The Use of Euphemism

Recently, someone kept referring to a dead family member as being "gone" or "lost".  For some reason, that rankled me.  I felt that the person using that phrase was not facing up to the reality of the situation.  I attributed it to our current culture's reticense to face death squarely.  Dying, death, dead are not words to be used in polite conversation.  When is the last time you heard someone say "My wife is dead".  The more I thought about it, the more self righteous I became.  If there was one thing my mother taught me, it was to seek to grab reality by the throat.  "Don't sugar-coat things"!  So, I thought, we need to grasp firmly the harsh reality of our own mortality - we are dying!  In doing so, we are in a much better place to prepare for the inevitability of that experience.

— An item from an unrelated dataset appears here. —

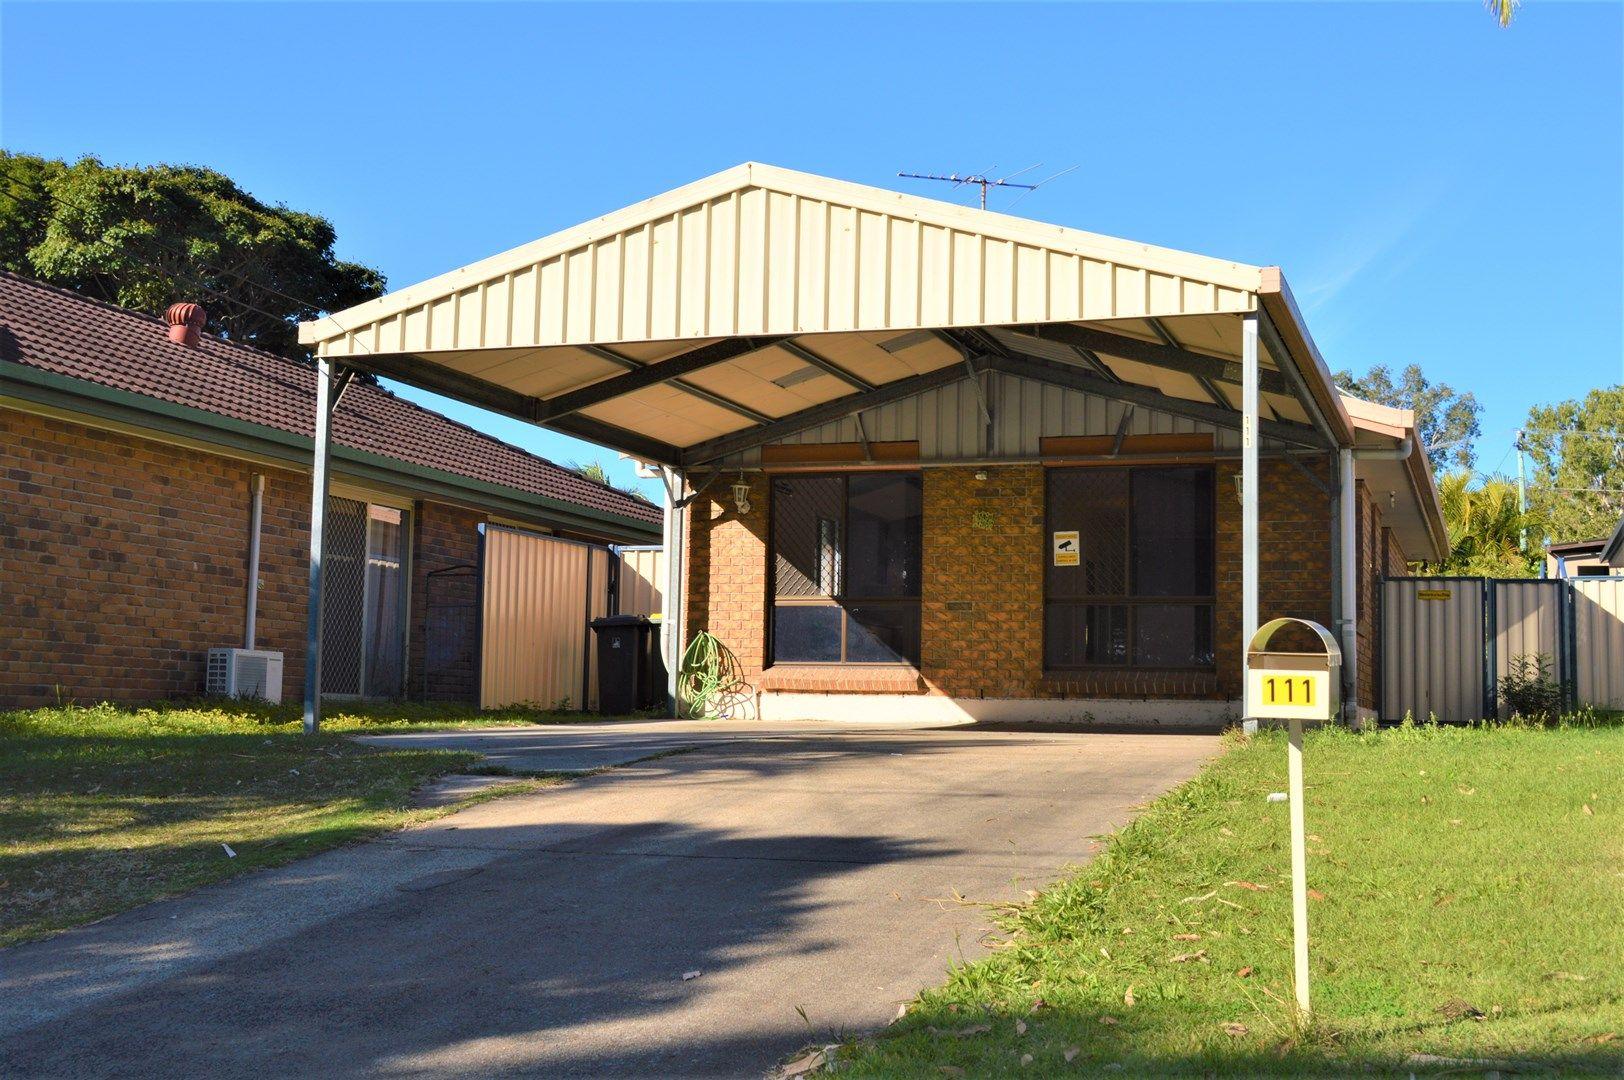 111 Landseer Street, Sunnybank Hills QLD 4109, Image 0

And yet.  When I read the bible - it does not hesitate to speak of death AND to use euphemisms.  The most common - sleep.  Paul speaks of dead saints as those that are "asleep".  Why?  Perhaps it is to take the edge off of the harshness of saying they are dead.  Jesus spoke of Lazarus being asleep.  Because, for the Christian, the harshness of death has been taken away in Jesus.  The essence of the euphemism is true. Our loved one who has died is "gone".  They are, if believers, absent from the body and present with the Lord.